李世民道:“两位前辈,世民一介凡夫耳,怎会硬被指定为王气所钟的?如果王气钟我,自会有百灵护佑,紫烟姑娘岂能杀得了我?如是紫烟姑娘把我杀了,那说明我只是一个俗凡人物,死之何惜?两位老前辈识见过人,何不赌一赌世民的运气呢?让袁紫烟姑娘带我入长安,至少我可以见上宝儿一面。”
袁天罡道:“这个……太冒险了!千金之躯,坐不垂堂,二公子纵然有百灵护佑,也不能冒这个险啊!”
李淳风叹口气,道:“二公子想过没有,你跟紫烟姑娘同赴长安,秦琼、敬德、柴绍、程知节等一般英雄好汉岂肯坐视不理?他们一定会赶往长安救你,以紫烟姑娘精湛的术法而言,一网打尽,无庸置疑。二公子,你忍受让他们全部受害吗?”
李世民呆了一呆,道:“淳风,你要想法子阻挡他们啊!”
李淳风道:“他们拥戴二公子,是出于一片至诚。头可斩,血可流,志不可屈。这一点,二公子比老朽还清楚了。”
李世民点点头道:“是啊!所以要两位老前辈阻挡他们,就说世民有事他往……”
李淳风接口道:“二公子,要我说谎?此事万万不可!”
“淳风,有时候,几句善意的谎言是可以救很多条人命的,”
李世民道:“多说几句又有何妨?”
“淳风兄!”袁天罡突然开了口,道:“二公子既然作了决定,咱们再多干与,就有点独行其是了!”
李淳风道:“你是说……不管了?”
袁天罡道:“管得了吗?以术法而论,我们两人联手,也未必是紫烟姑娘的敌手?就算我们和紫烟姑娘拚了个同归于尽,二公子也未必会感激我们?”
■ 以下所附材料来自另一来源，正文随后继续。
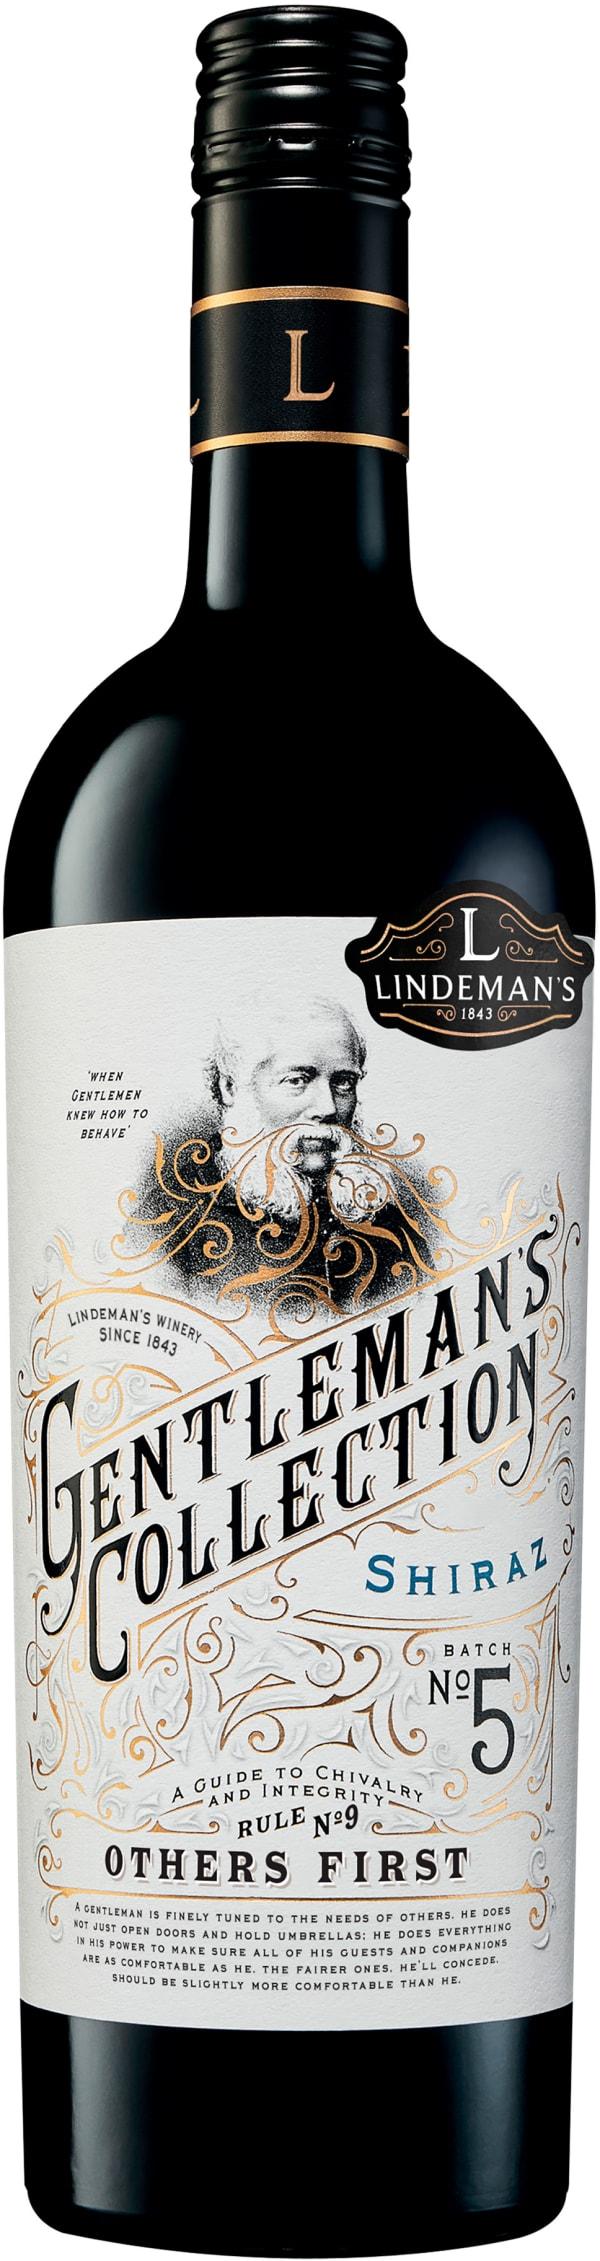 Lindeman's Gentlemans Collection Shiraz

李淳风摇摇头,叹息一声,道:“二公子如果坚持要去长安,咱们只好从命了!”
李世民忙道:“对对对!两位前辈若不相信世民,请代我完成一件心愿……”
袁天罡接口道:“二公子请吩咐!”
李世民道:“阻止虬髯客张仲坚,绝不能让他坐上皇帝之位。”
袁天罡点点头,道:“他将会杀得天地变血流成河!”
李淳风亦道:“是的,绝不能让虬髯客得逞!”
李世民微笑道:“好!世民这一个心愿就重托两位了,也请两位阻止敬德、柴绍、程知节。”
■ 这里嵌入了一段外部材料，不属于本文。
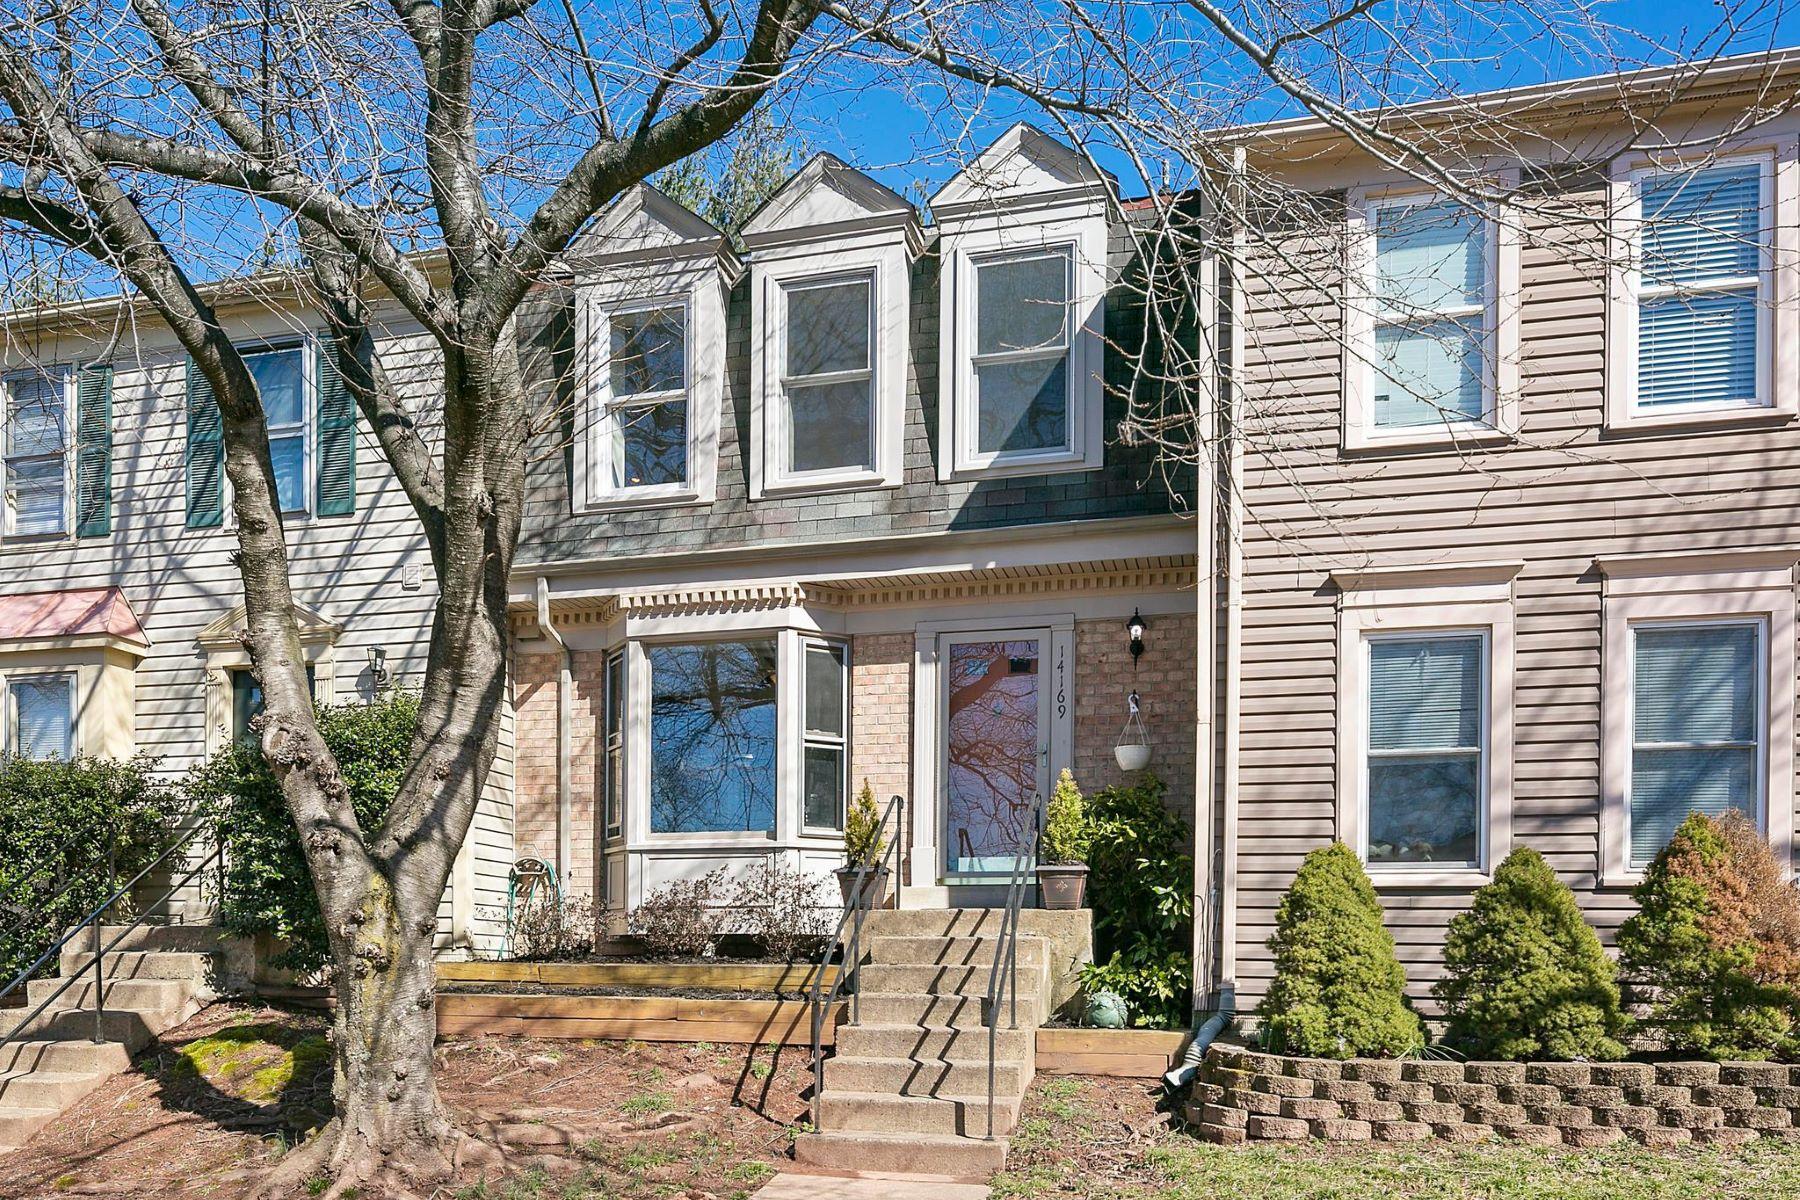 Townhouse for Sale at 14169 Royal Oak Ln 14169 Royal Oak Ln Centreville, Virginia 20120 United States

袁天罡点点头,道:“淳风,你去劝李靖让路,我阻止敬德等人。”
李淳风点点头,急步而去。
事情急转直下,成了如此一个变化,却是大大地出了袁紫烟意外。
她也知道,事情绝不会如此的单纯,个中必有原因。但思前想后,瞧不出破绽何在,只好默然不语。
李淳风很快就回来了。
他脸色凝重地道:“紫烟姑娘,宇文成都已和敬德、柴绍等对峙在大厅之外。双方剑拔弩张,大有立刻动手之意。老朽只能劝阻敬德等人暂时忍耐,但宇文成都却咄咄逼人,老朽也就无能为力了……”
李世民忙接口道:“要快些阻止他们,紫烟姑娘,他们都是精勇之士,一旦拚上命,九牛拖不开,不能让惨剧发生啊!”
“放心!我的人一声令下,他们就会卷旗收兵,绝不敢不听命令。”袁紫烟道:“现在跟我一起走吧!”
李世民笑道:“姑娘要不要替在下加上刑具?”
“看在宝儿妹妹的份上,免了!”
袁天罡道:“二公子,你送紫烟姑娘离开这里,最好是并肩而行,谈笑风生,有一种送客登程的离别情绪。”
袁紫烟娇笑道:“还要如此做作吗?”
“避免麻烦啊!”袁天罡道:“如果没有人能瞧得出你是押解二公子回到长安处死,顺顺当当的离开这里,又有什么不好呢?”
“说的也是!”袁紫烟笑道:“二公子,咱们走吧!既然要谈笑风生,那就让它传神一些吧!”
牵起李世民一只手,向外行去。
乖乖,不得了啦!
仙姿玉容的袁紫烟竟牵着英姿凤目的李世民,简直看得人耀醒生花呀!
但是李世民却吓傻了!
这像话吗?却又不能躲。
因为,这样一个画面出现在宇文成都和尉迟敬德的面前,不用劝说自然就打不起来了!果如所料……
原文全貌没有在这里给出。